Resolution: The administration console that supports the Cloud UI might be running out of Java heap space, causing login failures. This issue is expected to be fixed in a future release. As a workaround, you can manually increase the heap size.

In the current release, there is no direct way to change the Java heap size in the UI, so you need to increase the heap size as follows:

  1. For convenience, you can store the IP address of the host machine where the Cloud UI is running in the ADMIN_IP environment variable. Alternatively, replace $ADMIN_IP in the commands shown with the IP address.
  2. Create a file with your current configuration, here containerdata.json (requires that you have jq installed):

    curl -u admin http://$ADMIN_IP:12400/api/v1/platform/infrastructure/container-sets/admin-consoles/containers/admin-console > containerdata.json

    When prompted, enter the password you use to log into the Cloud UI.

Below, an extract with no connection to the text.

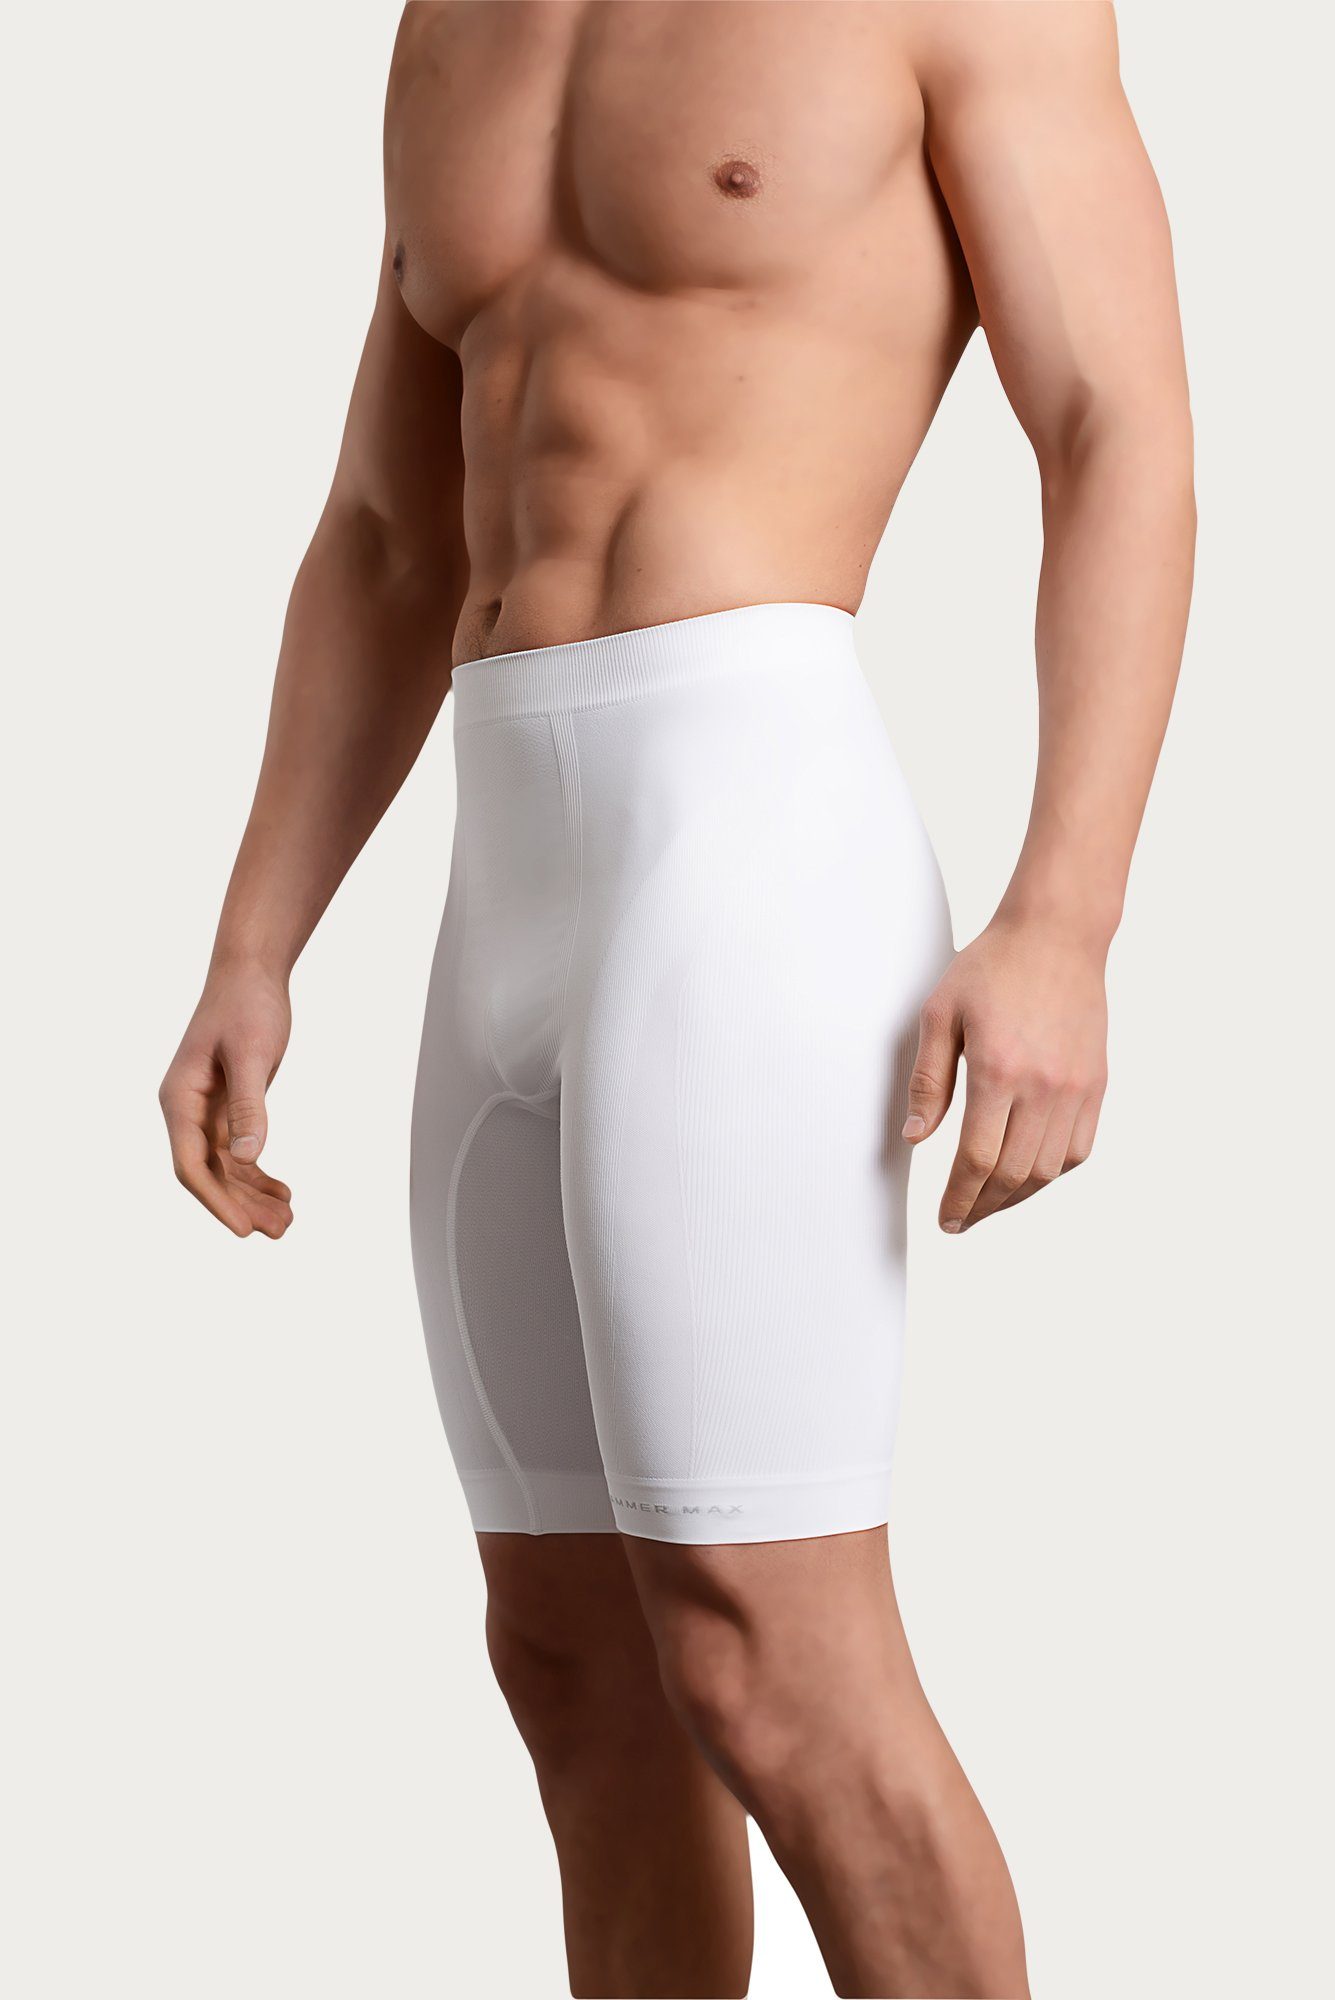 Weiß Performance® Max Shorts Trainingsshorts atmungsaktives Tech Gewebe Shapewear, Compression High Strammer

  3. Filter the output file to a format that you can modify and push back into the system. If this step fails, do not push the file back into the system as this can prevent the admin console container from starting up.

    jq '.config | .env' containerdata.json > containerdata_new.json
  4. Open the containerdata_new.json file in your favorite editor and locate this line:

    "ADMINCONSOLE_JAVA_OPTIONS=-Djute.maxbuffer=33554432 -Xmx256M -Xms256M",
  5. Increase the Java heap size by changing the values for Xmx and Xms to 1024 or 4096, depending on the size of your host machine. For example: Change the values to -Xmx1024M -Xms1024M.
  6. Save the configuration and exit the editor.
  7. Apply the new configuration:

    curl -XPATCH -u admin http://$ADMIN_IP:12400/api/v1/platform/infrastrucure/container-sets/admin-consoles/containers/admin-console -d @containerdata_new.json
  8. On the host machine where the Cloud UI administration console is running, recreate the Cloud UI:

    docker stop frc-admin-consoles-admin-console && docker rm -f frc-admin-consoles-admin-console

    If you prefer, you can use the HTTPS protocol on port 12443, but it currently supports only a self-signed certificate. Alternatively, you can perform the step from localhost.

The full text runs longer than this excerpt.